Convicted of DDoS Attacks
This isn't Kivimäki's first brush with legal trouble. In 2015, he was found guilty of carrying out 50,700 distributed denial-of-service attacks in 2012 and 2013 under the banner of the notorious DDoS gang Lizard Squad.
But because he was only 15 and 16 at the time - below the legal age of adulthood in Finland, which is 18 - he received a suspended two-year sentence. In addition to paying a small fine, Kivimäki also agreed to have all of his internet use monitored temporarily (see: Young Hackers: Jail Time Appropriate?).
Vastaamo Fined by Privacy Watchdog
Vastaamo, following its two data breaches, declared bankruptcy in February 2021.

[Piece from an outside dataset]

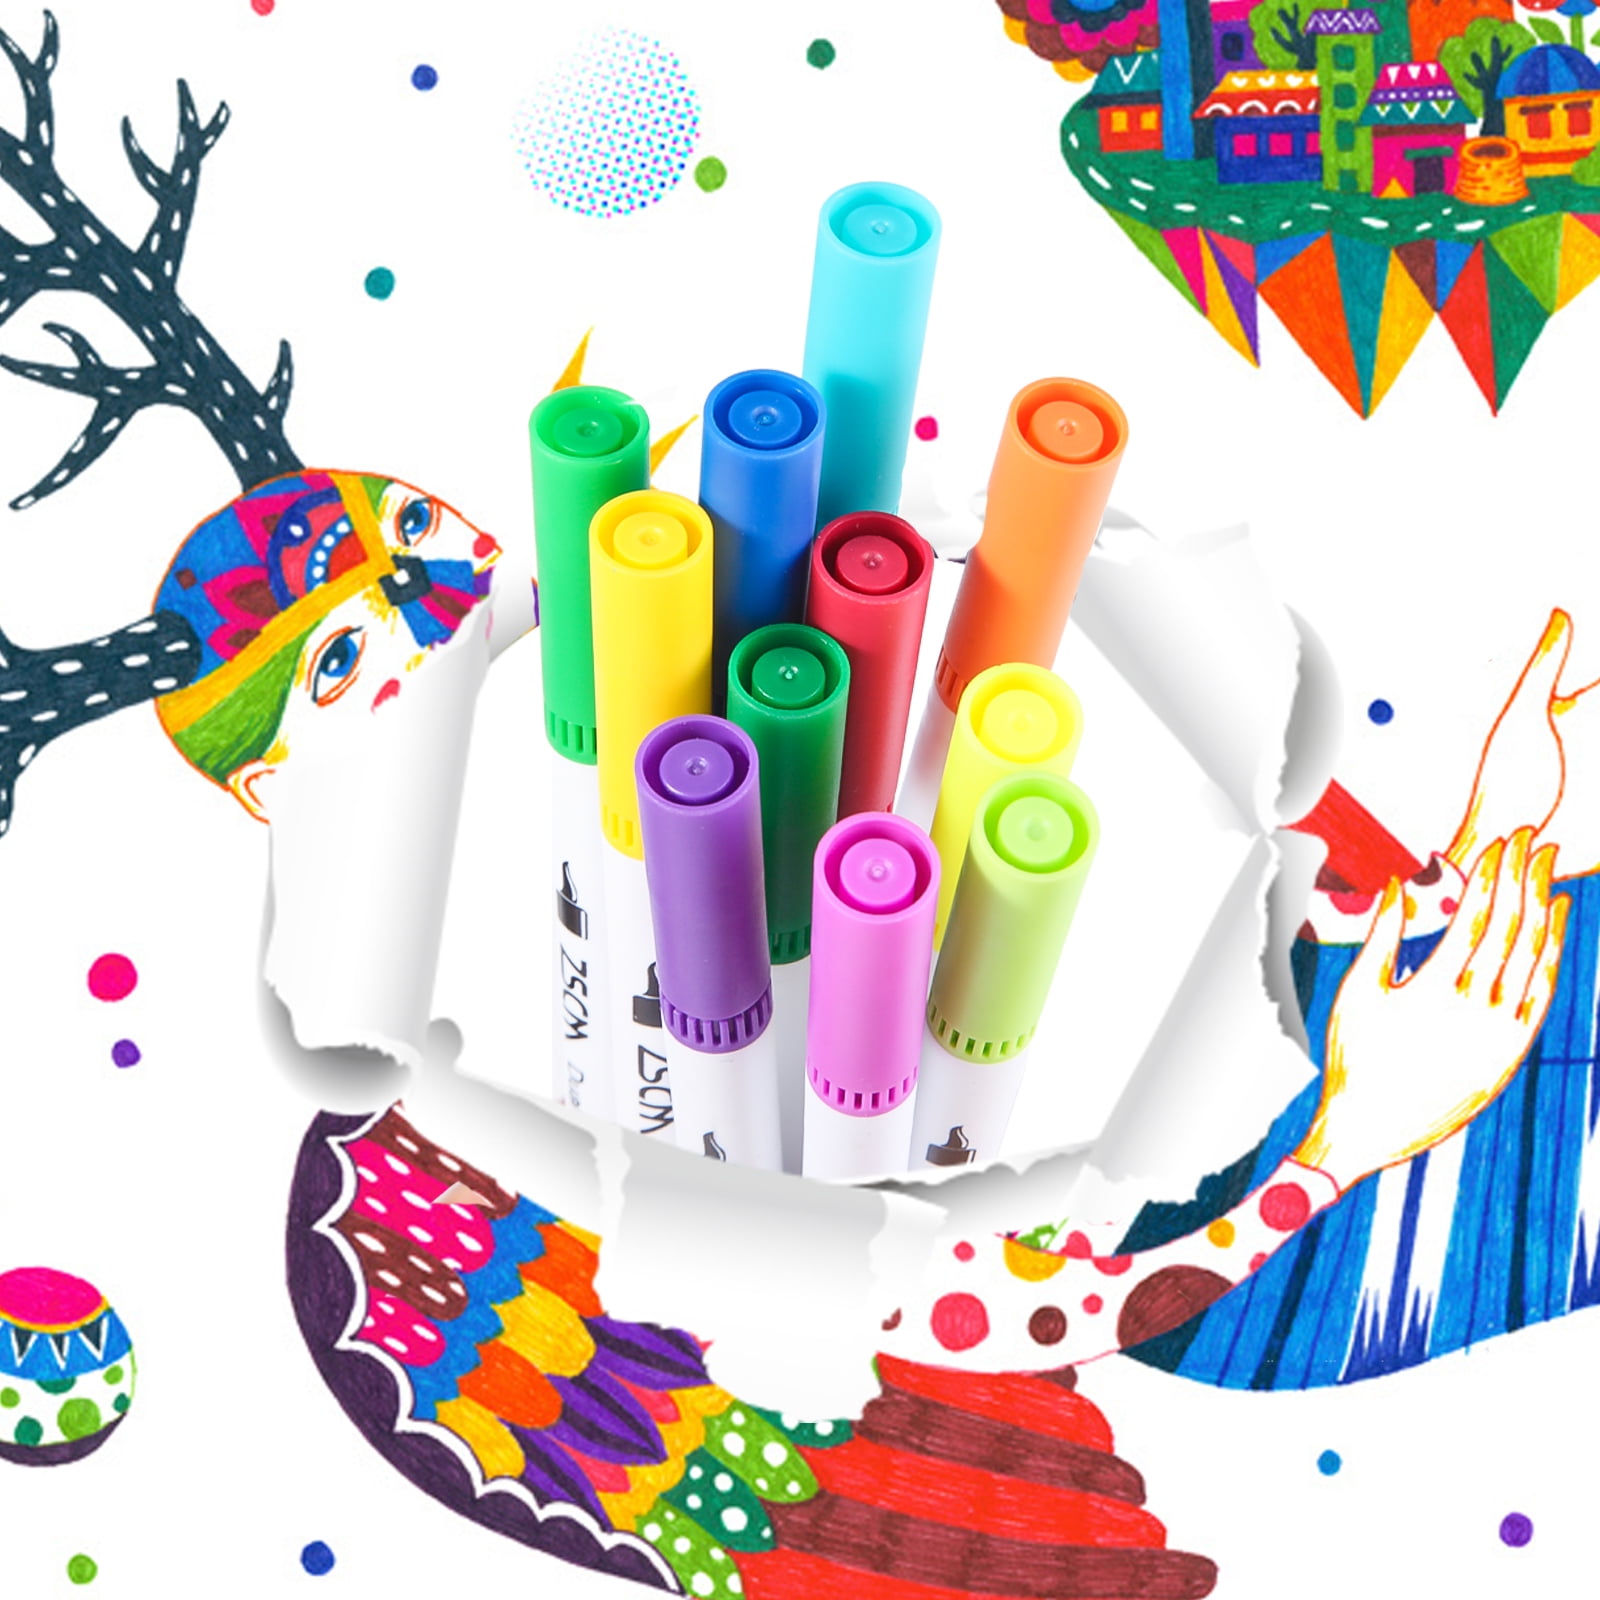 MAIKEDEPOT Felt Tip Pens, 15pcs Calligraphy Pen Assorted Colors Sign Brush Pen Art Brush Marker Water Based Journaling Pen Set for Beginners Kids

In December 2021, Finland's Data Protection Ombudsman imposed an administrative fine of 608,000 euros - $655,000 - on Vastaamo for multiple data privacy violations.
Vastaamo neglected its duties related to the safe processing of personal data as well as reporting a personal data breach, said Finland's privacy watchdog, which enforces compliance with the EU's General Data Protection Regulation. "Vastaamo must have become aware that the patient data had disappeared and that it may have ended up in the possession of an external attacker already in March 2019," it said, adding that the mental health services provider "should have reported the breach both to the supervisory authority and its customers without delay," rather than waiting until September 2020.
The Data Protection Ombudsman also found that "personal data had not been appropriately protected against unauthorized and illegal processing or accidental disappearance, and Vastaamo had not implemented basic measures to ensure the safe processing of personal data." In addition, due to insufficient database logging and network monitoring, the company could not detail how attackers first gained access to its unprotected, internet-connected database.
"The most likely cause for the patient record database leak was an unprotected MySQL port in the database, in which the root user account of the database had not been password-protected," it said. "The user account had also been granted the right to log into the database from any IP address. The patient record database server was open to the internet without the protection of a firewall at least from November 26, 2017, to March 13, 2019."
Because an administrative fine receives "the lowest priority claim in a bankruptcy," the privacy watchdog said its fine would "not reduce the funds available for other claims in bankruptcy, such as potential compensation for damages."